Saari-Deorial Taal-Chopta-Tungnath-Chandrashila

Before the start of trip, the only place we had planned to visit was Chopta, we never realized we will touch so many places.  Although we had thought about this trip but never actually planned for it and it’s not safe stepping out without reservation with your wife and 1.6 year old kid, but life is all about chances we take.  The initial idea was to go on RE, just me and wife with Shaurya resting at sisters place, that couldn’t happen because of all apparent season. Finally got Harkrishan engaged in our plan, a day before the start of trip he was able to confirm and we were all set!!!!

Day 1:

We left Gurgaon at 4:30 on Fri (25th May), running 30 mins late as per our planned schedule, picked up Harkrishan from Delhi and left exactly at 6 A.M for our destination “Chopta”. Luckily we didn’t encounter any traffic jam till Haridwar, between Haridwar and Rishikesh it got difficult because of traffic and double lane highway come city road. You just can’t avoid that unless you cross between 10:00 P.M – 6:00A.M. This entire stretch of 22 KM took us almost 2 hrs.

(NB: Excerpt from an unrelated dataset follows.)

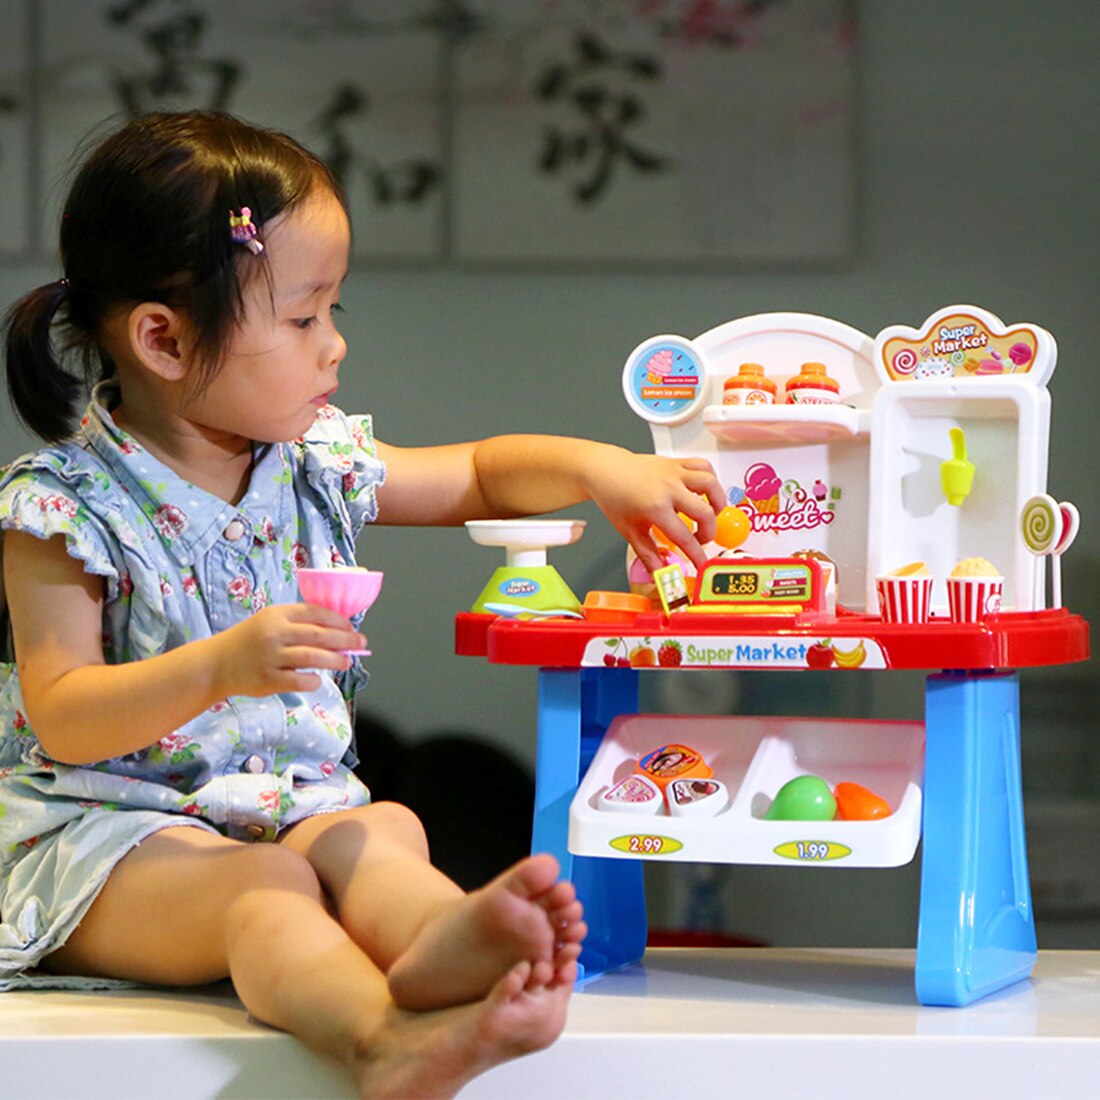 34 stk / sæt børn mini supermarked legesæt foregiver shopping marked legestand dagligvarer legetøj med lys og lyd - blå / lyserød

Our first major stop for lunch was decided for DevPrayag, we had to cover up for the loss of time between Haridwar and Rishikesh.  I and Harkrishan had a fair bit of idea about the route till DevPrayag.  We reached DevPrayag around 2:30 P.M and stopped for lunch, it was just after Sangam, possibly the last dhabha in DevPrayag and not heavy on pocket. After enquiring about the route which no one really had a concrete idea, we left DevPrayag around 3:15pm towards Kedarnath.  You won’t get confused because till RudraPryag we need to follow one highway.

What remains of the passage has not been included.